What is being asked: Restate the listing word for word; omit the images.

Data segment:
-------

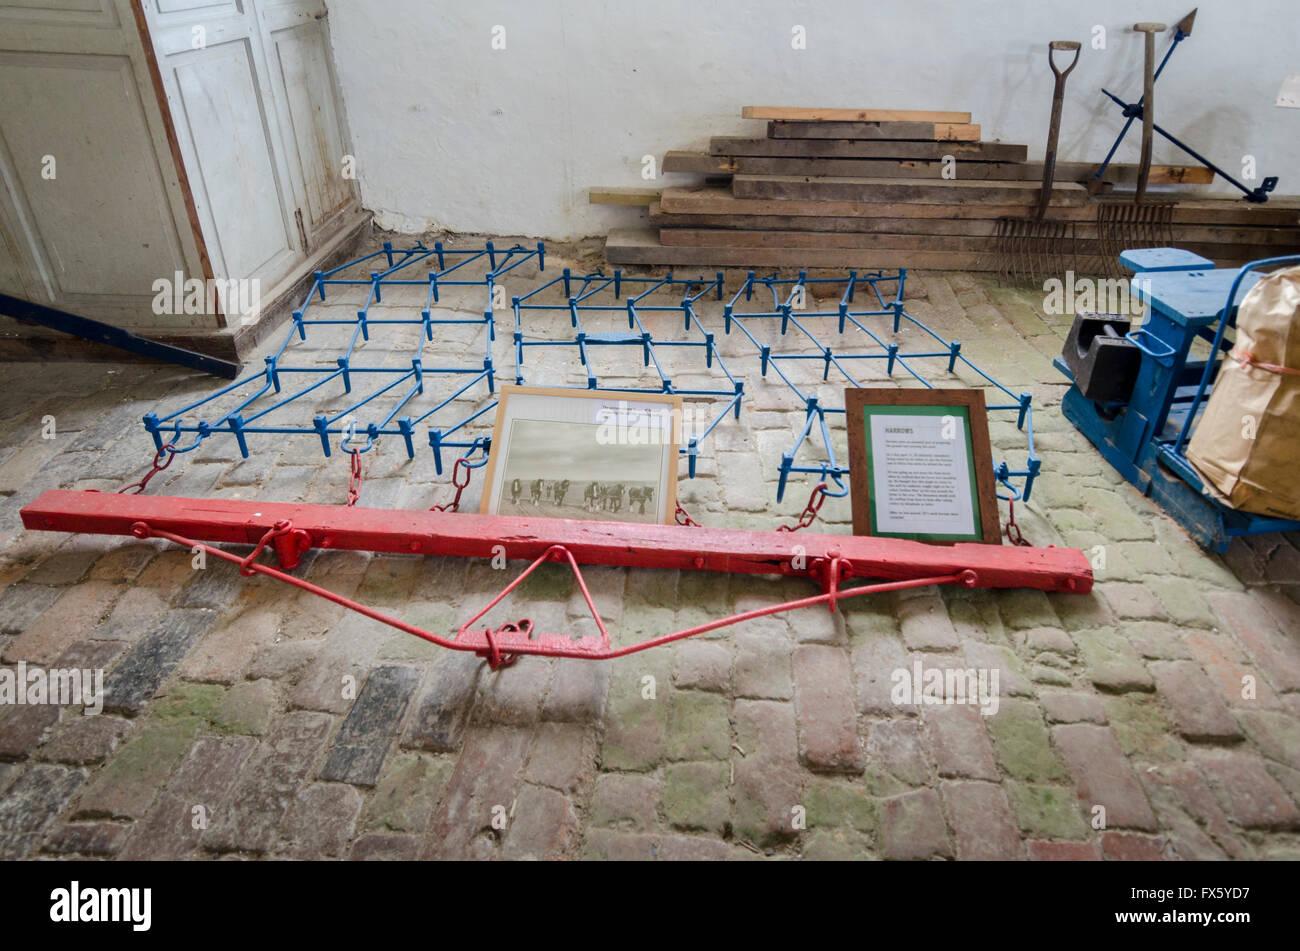 Fußboden Aus Alten Ziegeln ~ Alte egge auf dem display auf einem ziegel fußboden stockfoto bild
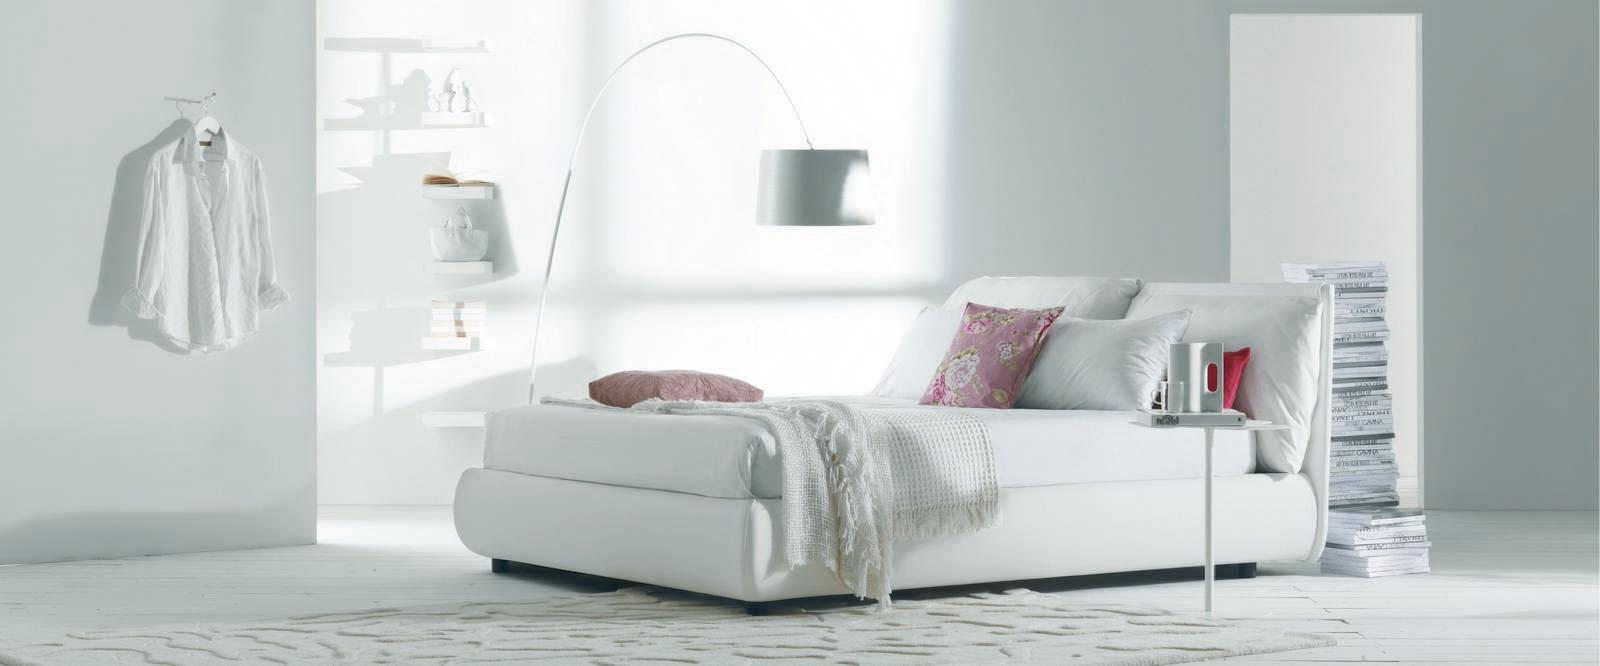 Balta, moderni dvigule lova Heaven
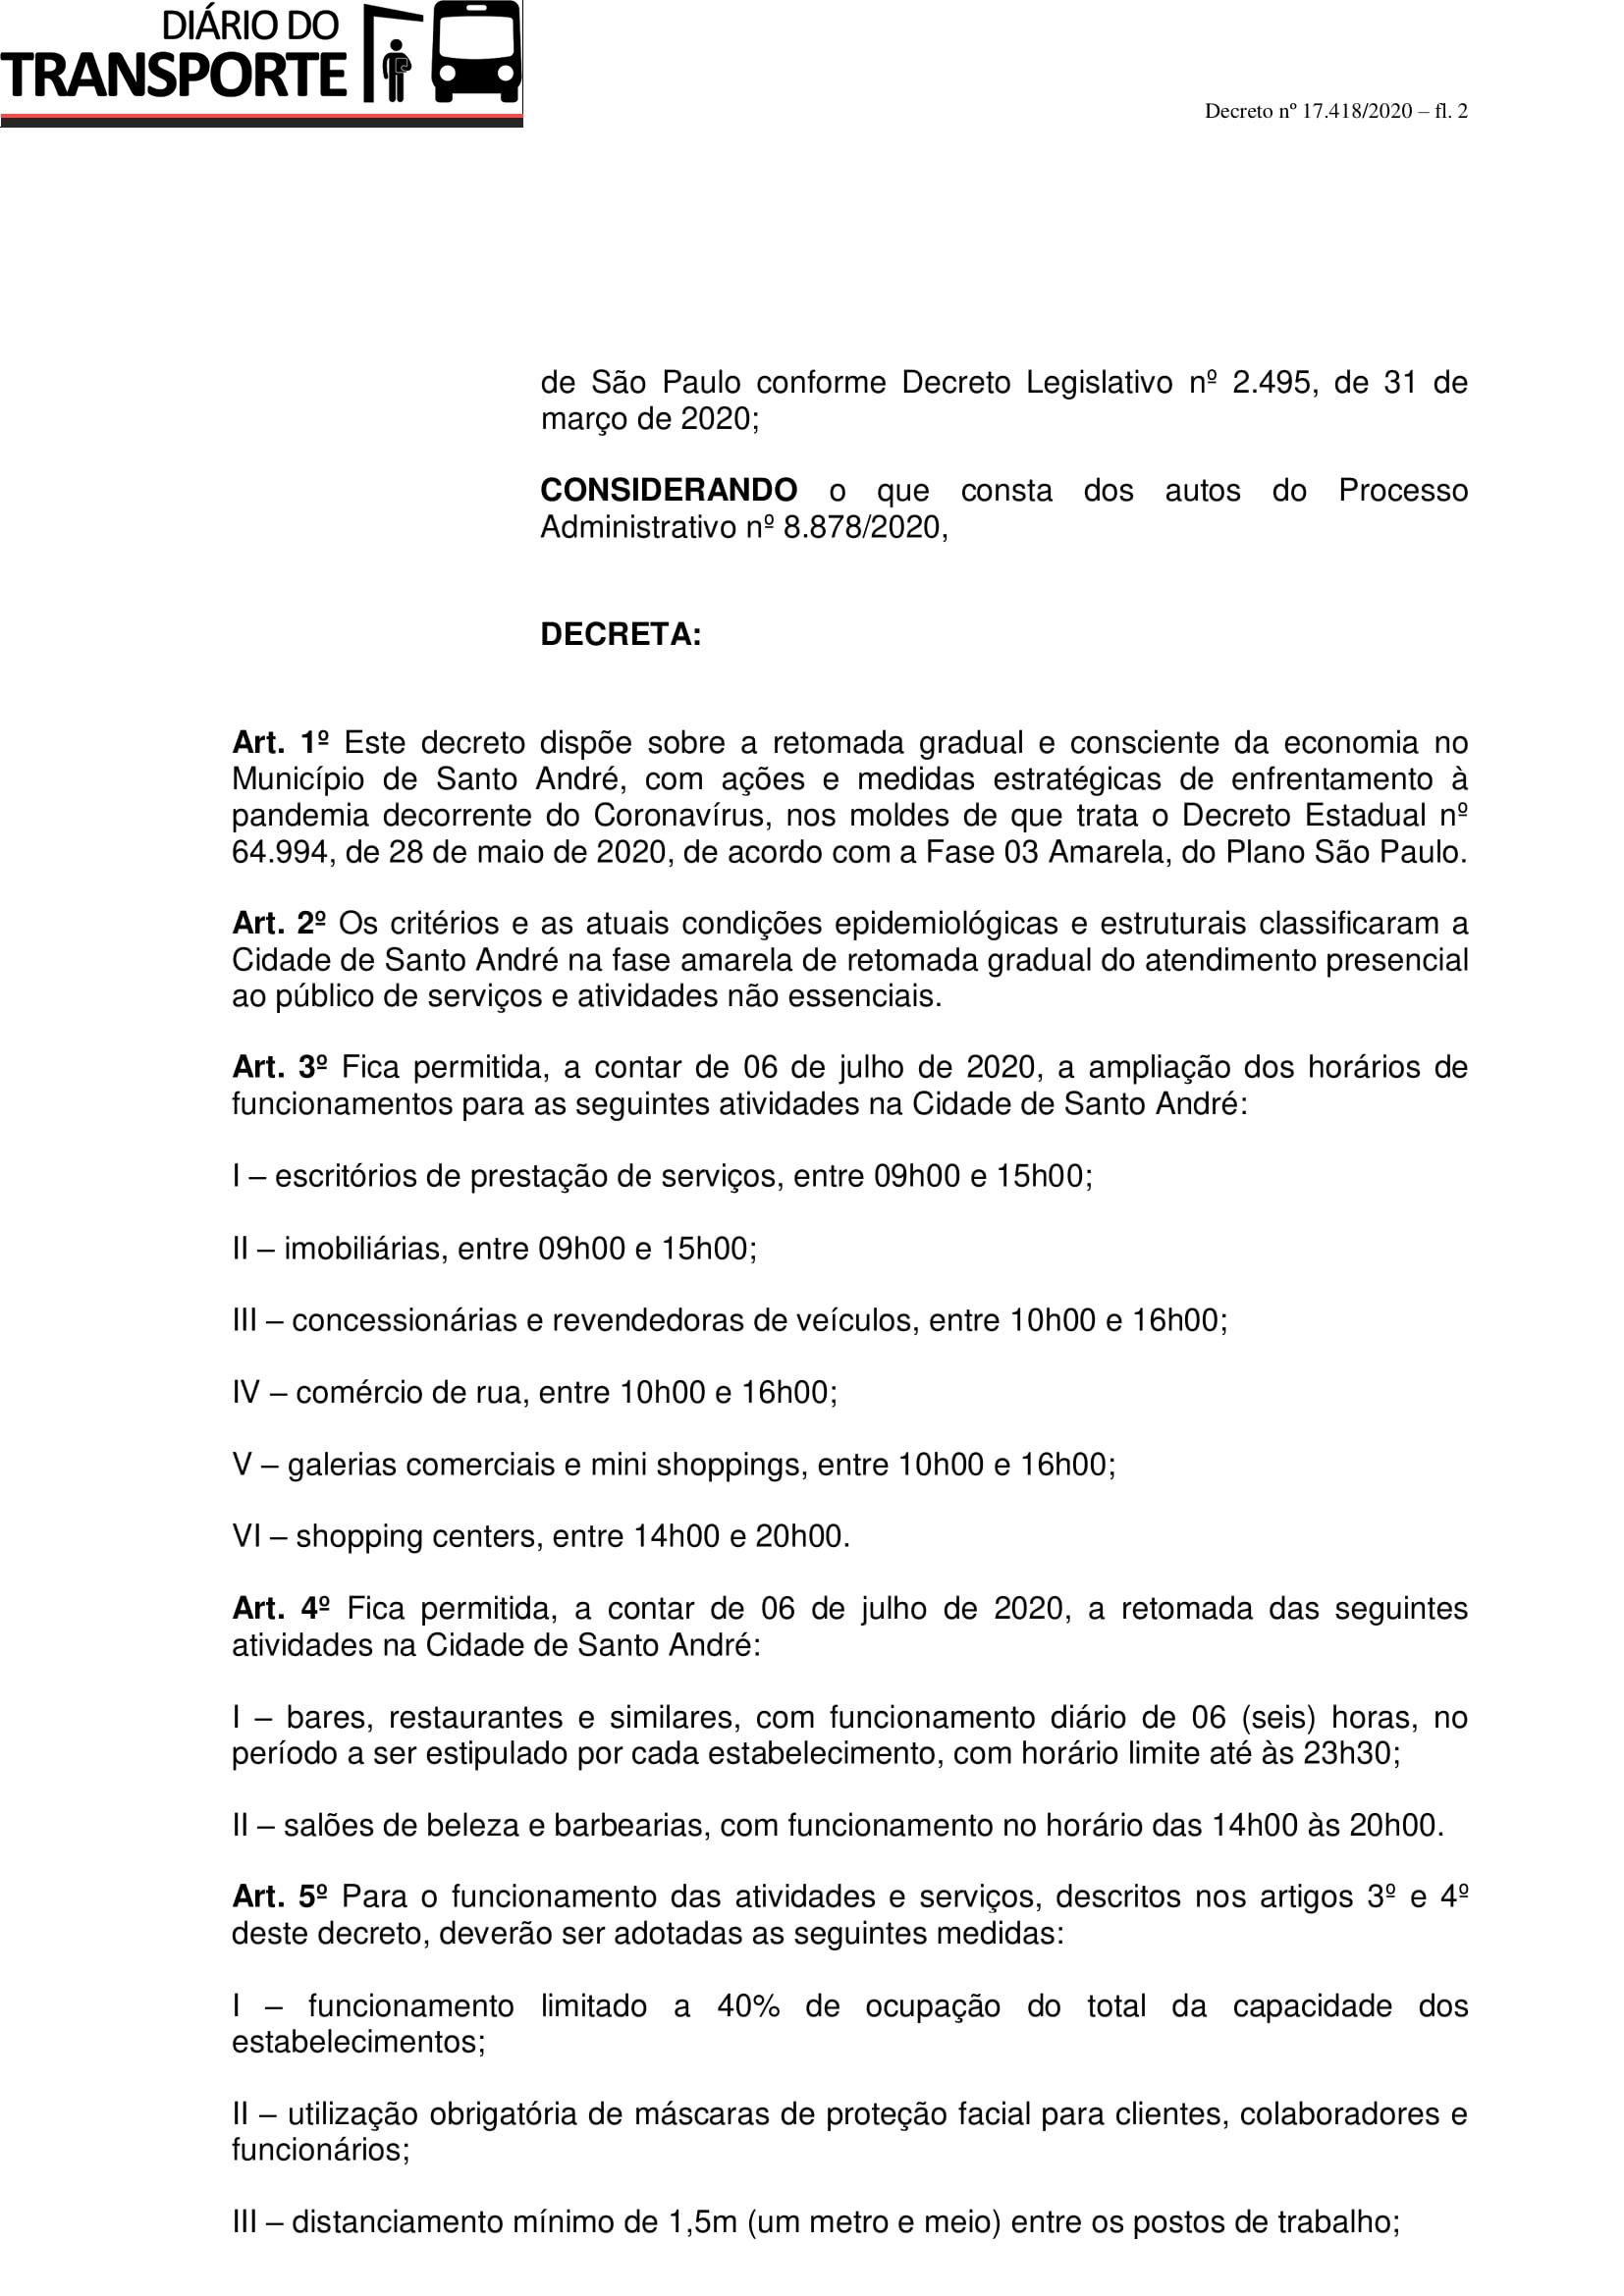 Decreto nº 17.418 (Retomada gradual e consciente da economia - fase amarela)-2
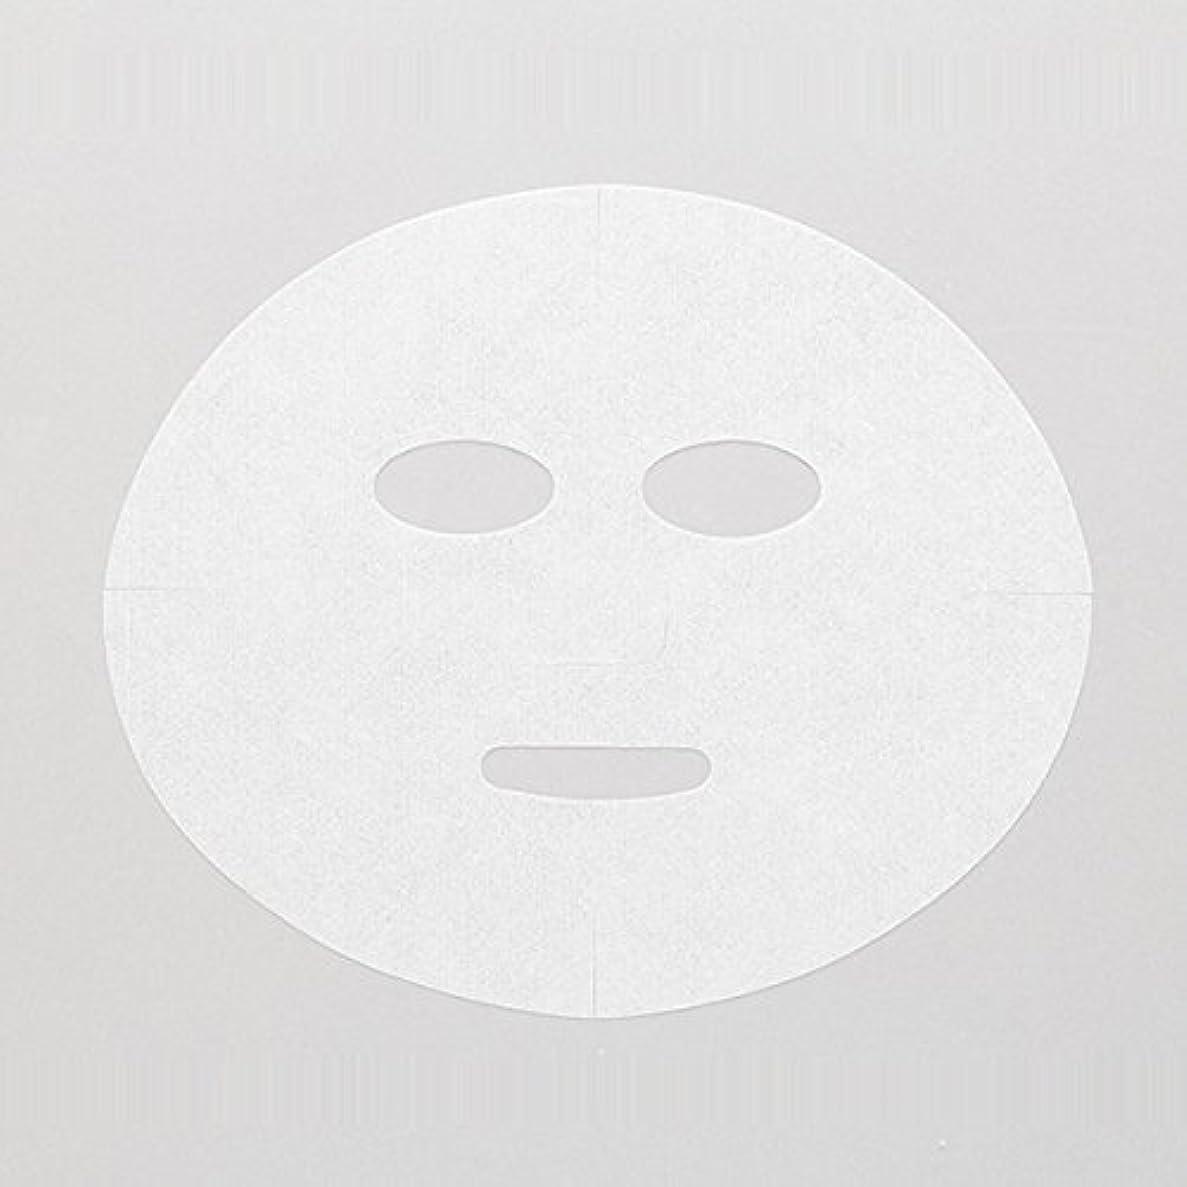 ロデオオーケストラ反乱高保水 フェイシャルシート (マスクタイプ 化粧水無) 80枚 24×20cm [ フェイスマスク フェイスシート フェイスパック フェイシャルマスク シートマスク フェイシャルシート フェイシャルパック ローションマスク ローションパック ]

-------

Completed task:
 Fußboden Aus Alten Ziegeln ~ Alte egge auf dem display auf einem ziegel fußboden stockfoto bild
 Balta, moderni dvigule lova Heaven
 Decreto nº 17.418 (Retomada gradual e consciente da economia - fase amarela)-2
 ロデオオーケストラ反乱高保水 フェイシャルシート (マスクタイプ 化粧水無) 80枚 24×20cm [ フェイスマスク フェイスシート フェイスパック フェイシャルマスク シートマスク フェイシャルシート フェイシャルパック ローションマスク ローションパック ]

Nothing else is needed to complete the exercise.